Data provided
####################

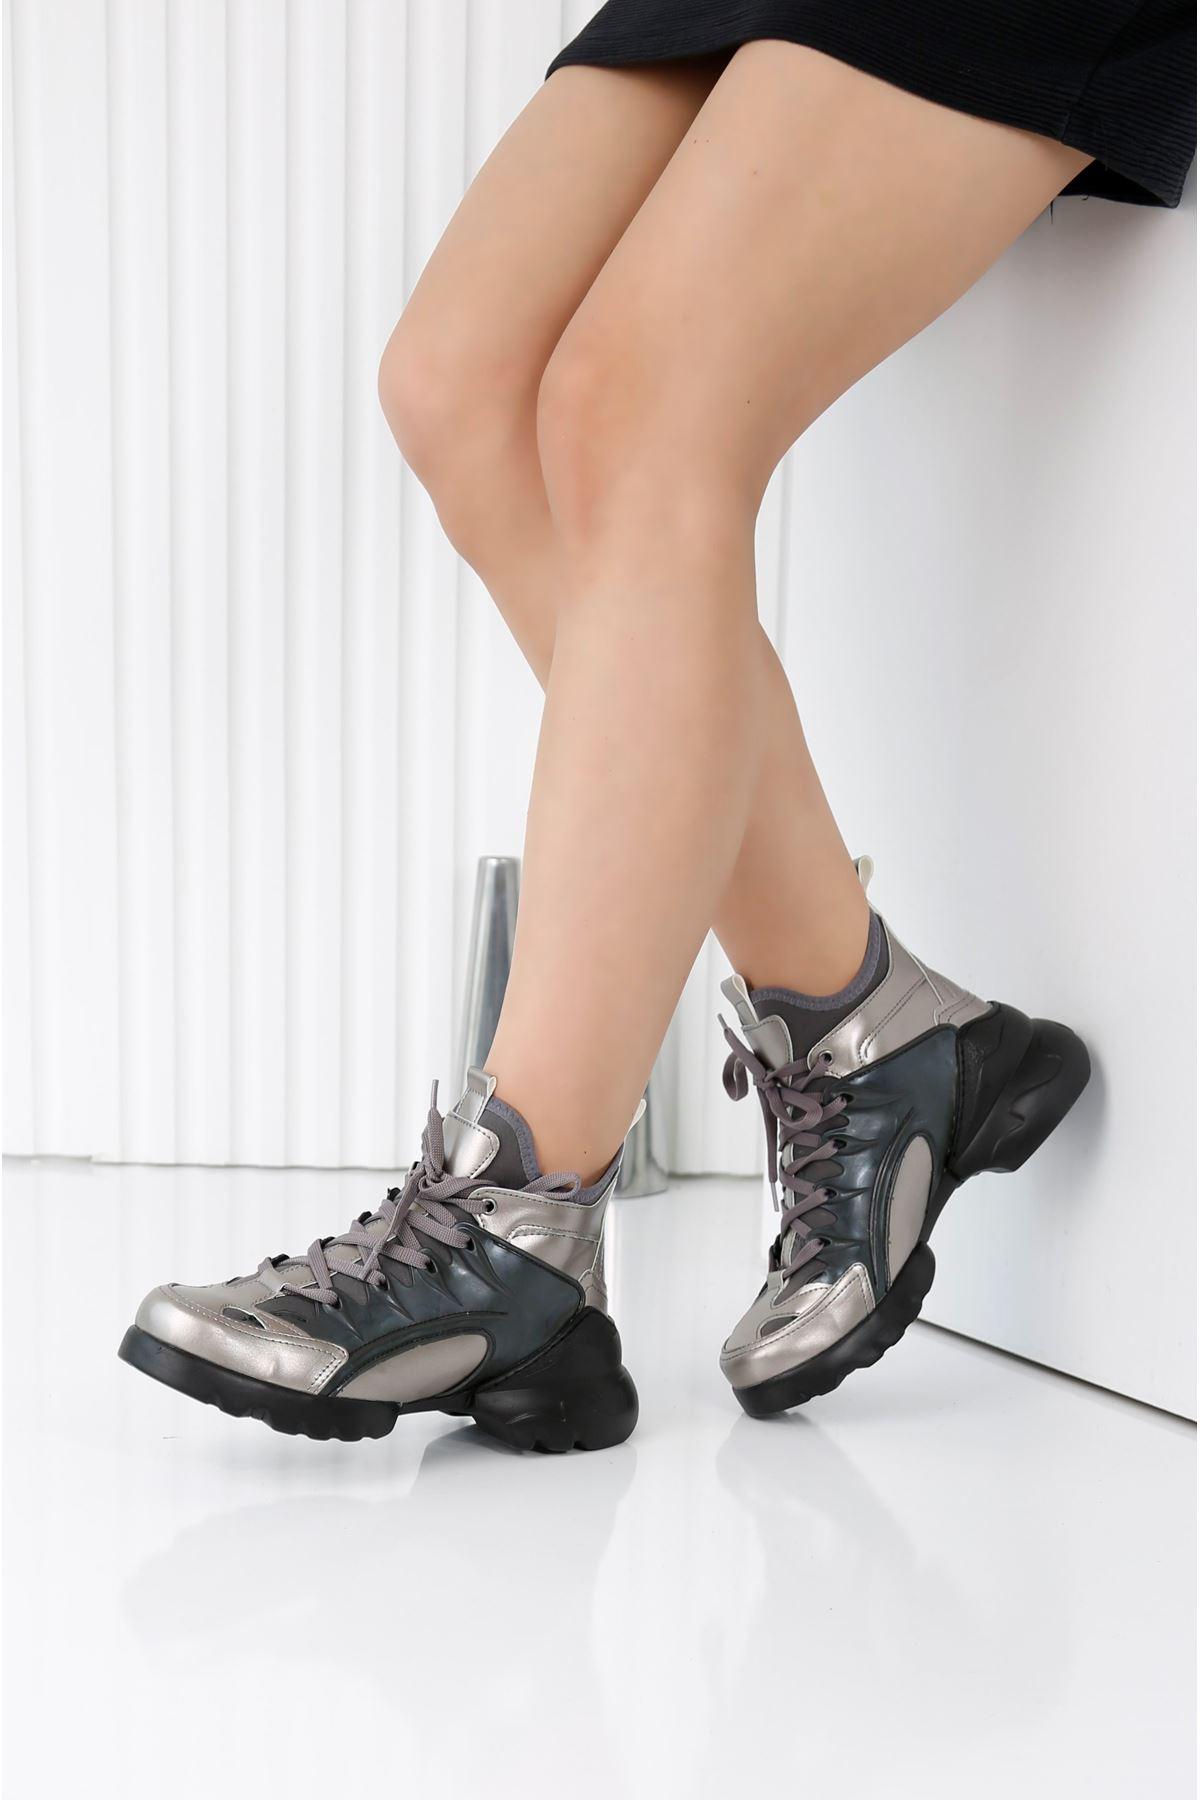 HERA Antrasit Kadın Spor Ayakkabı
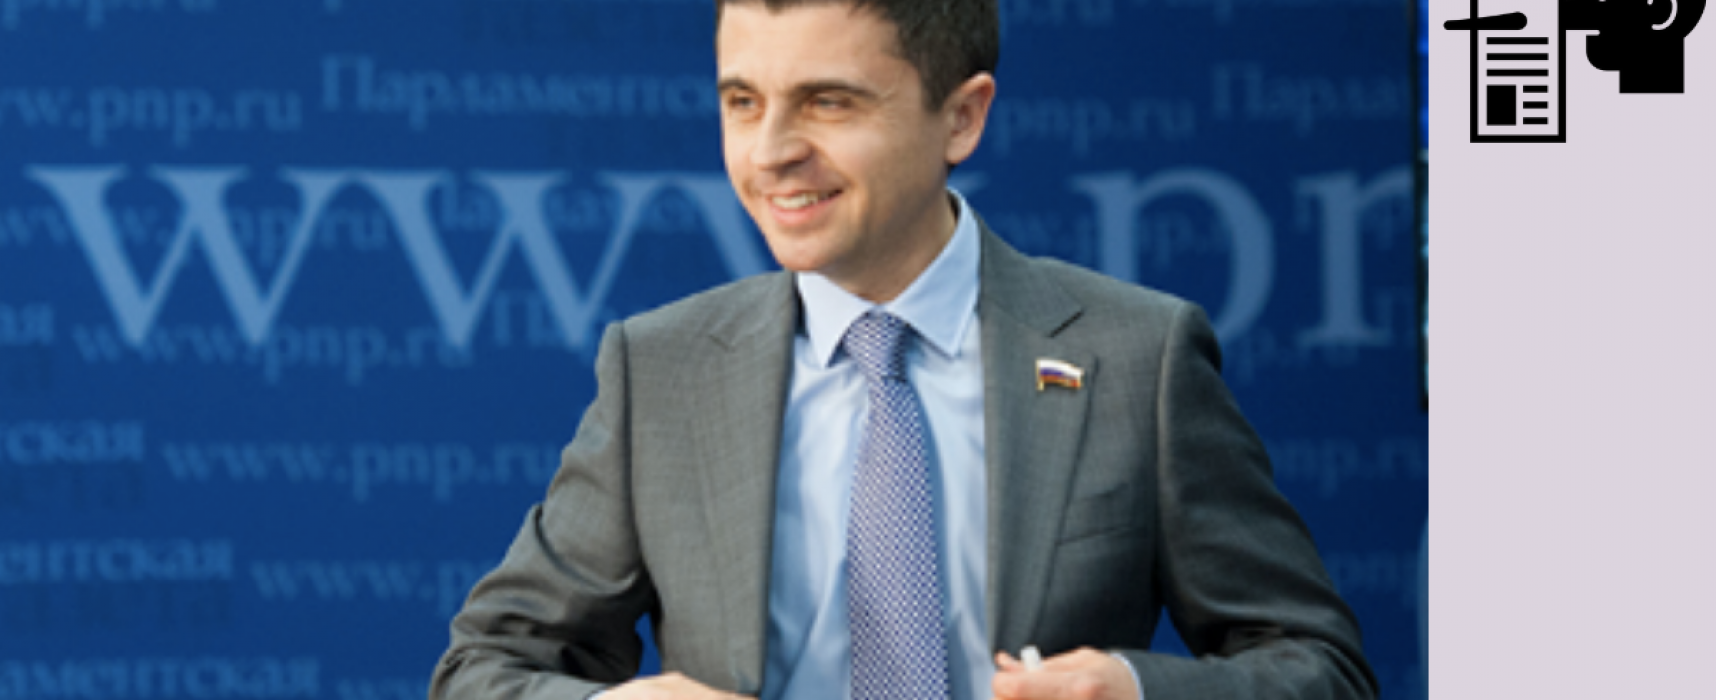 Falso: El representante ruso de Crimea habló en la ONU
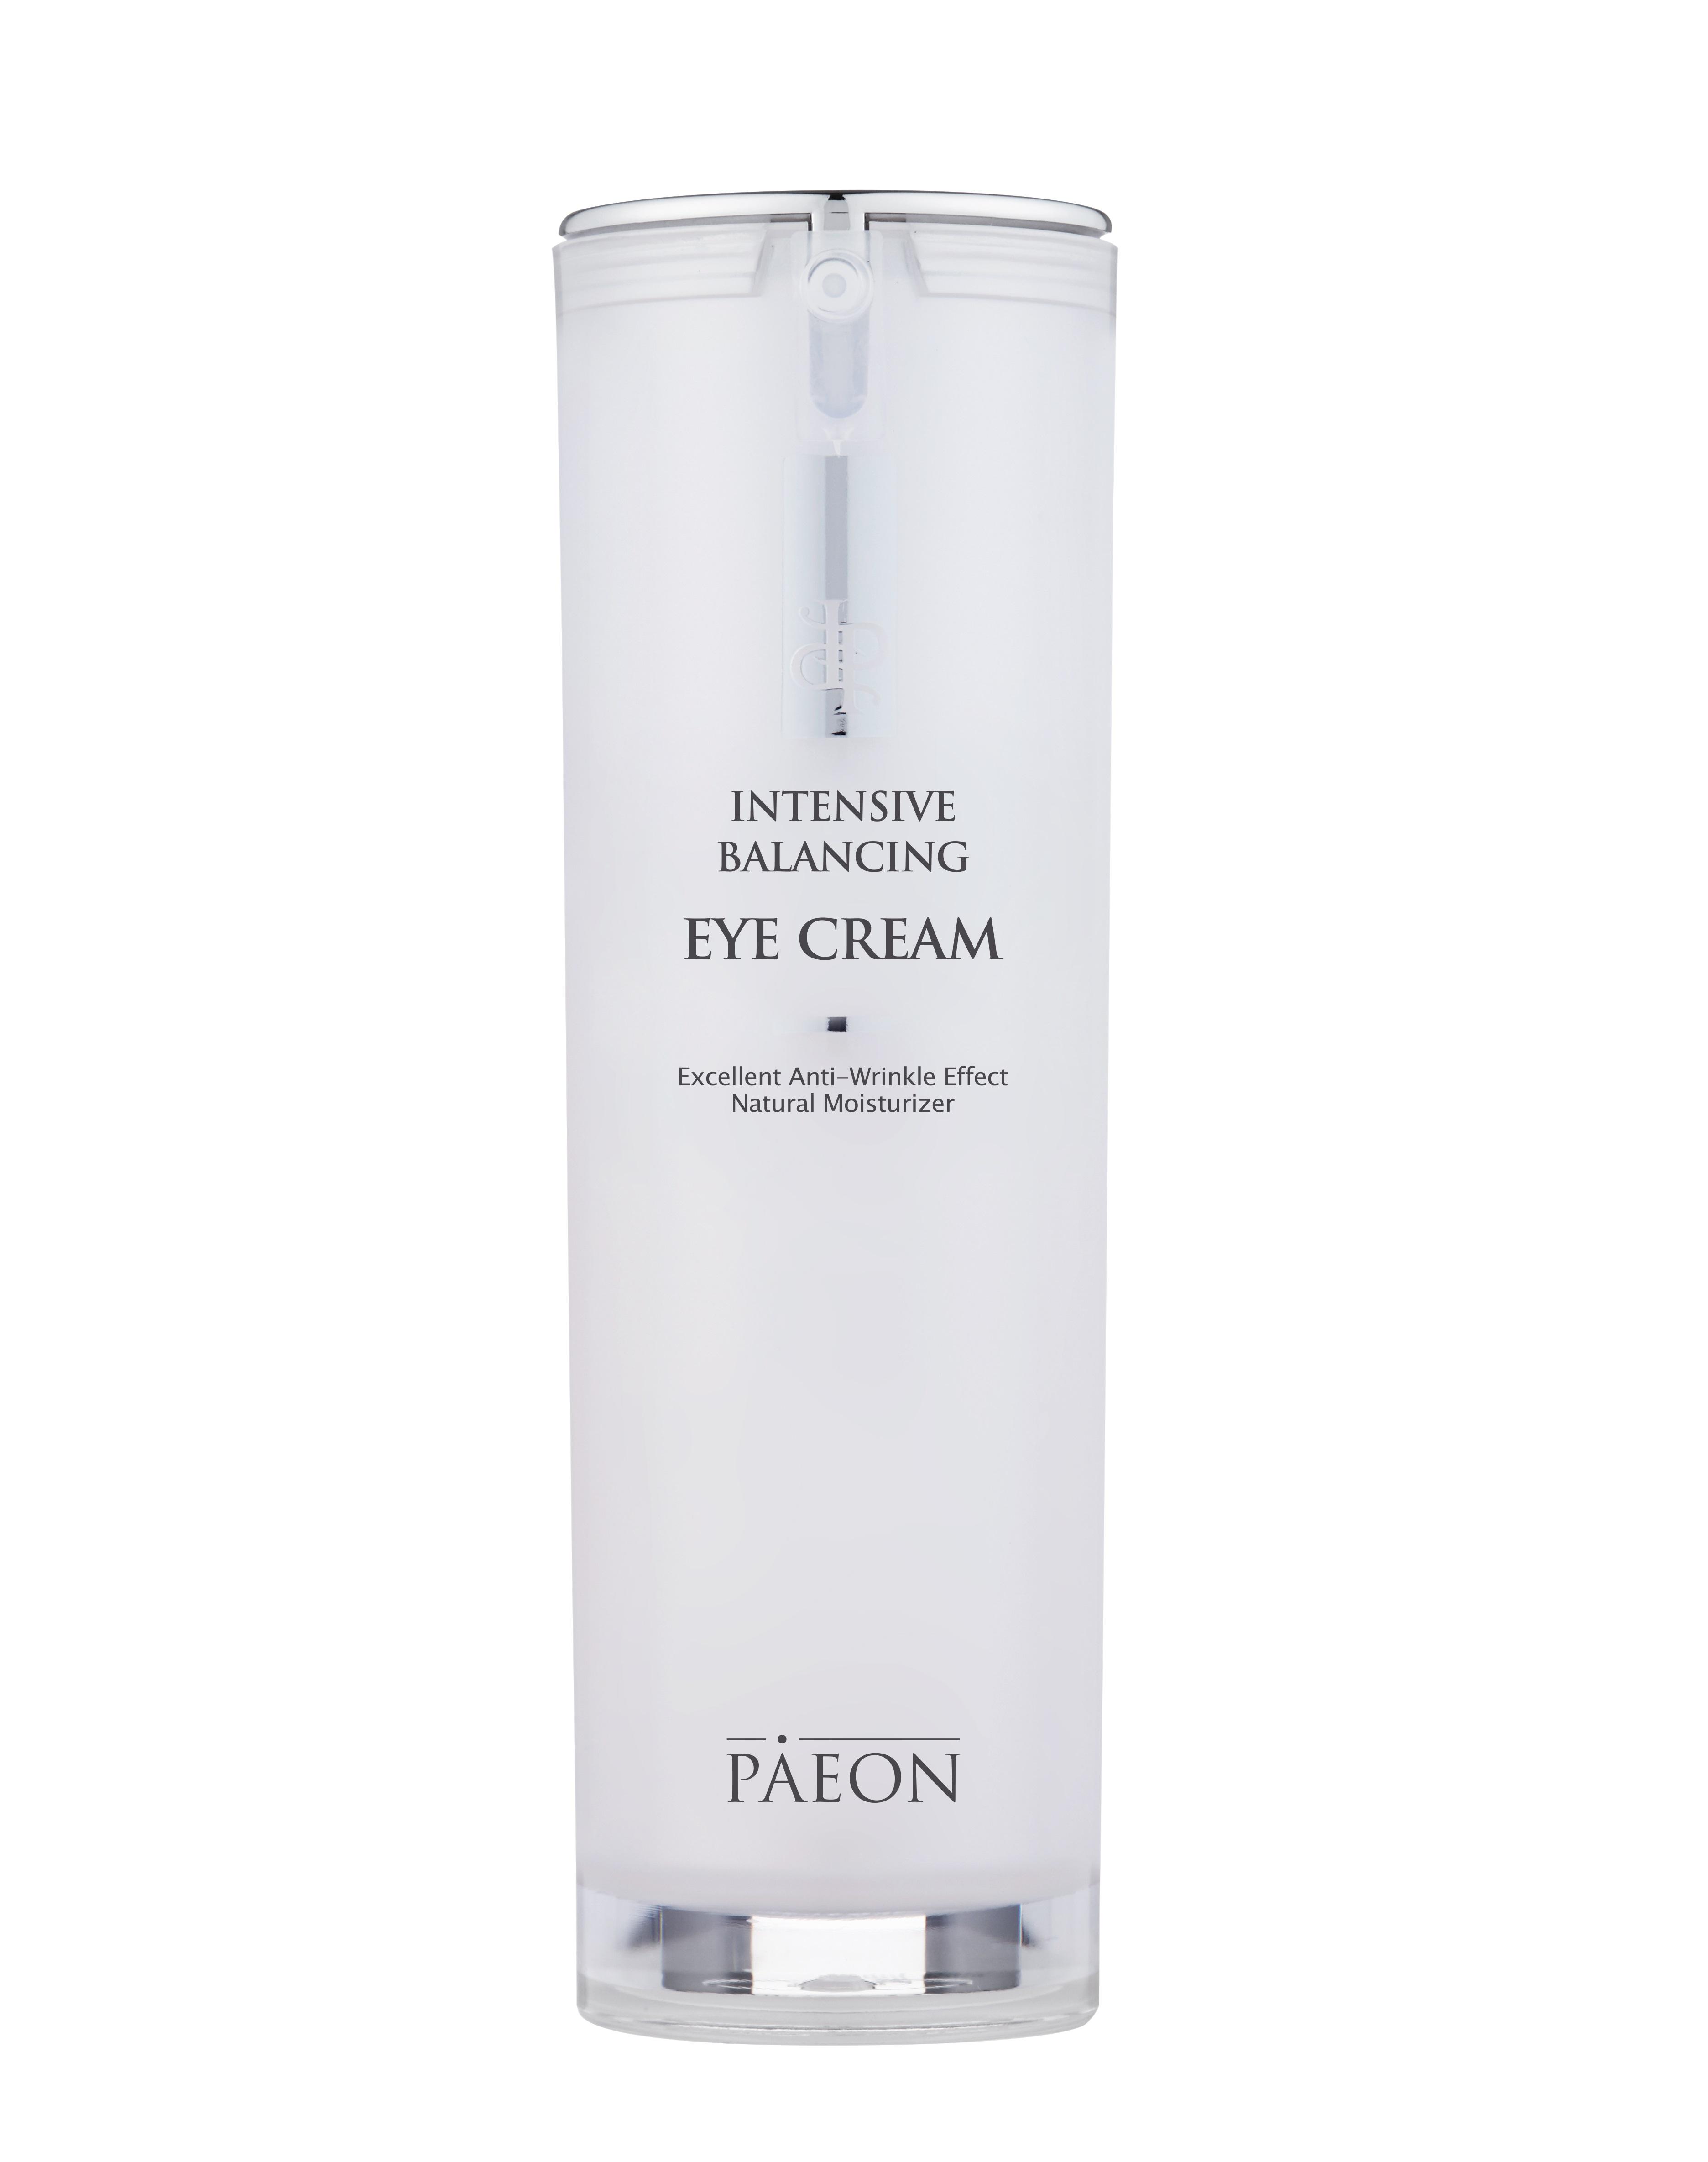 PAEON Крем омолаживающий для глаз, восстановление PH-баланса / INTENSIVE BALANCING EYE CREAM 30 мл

####################

Everything in the listing is to be returned word for word, except the pictures.

 HERA Antrasit Kadın Spor Ayakkabı
 Falso: El representante ruso de Crimea habló en la ONU
 PAEON Крем омолаживающий для глаз, восстановление PH-баланса / INTENSIVE BALANCING EYE CREAM 30 мл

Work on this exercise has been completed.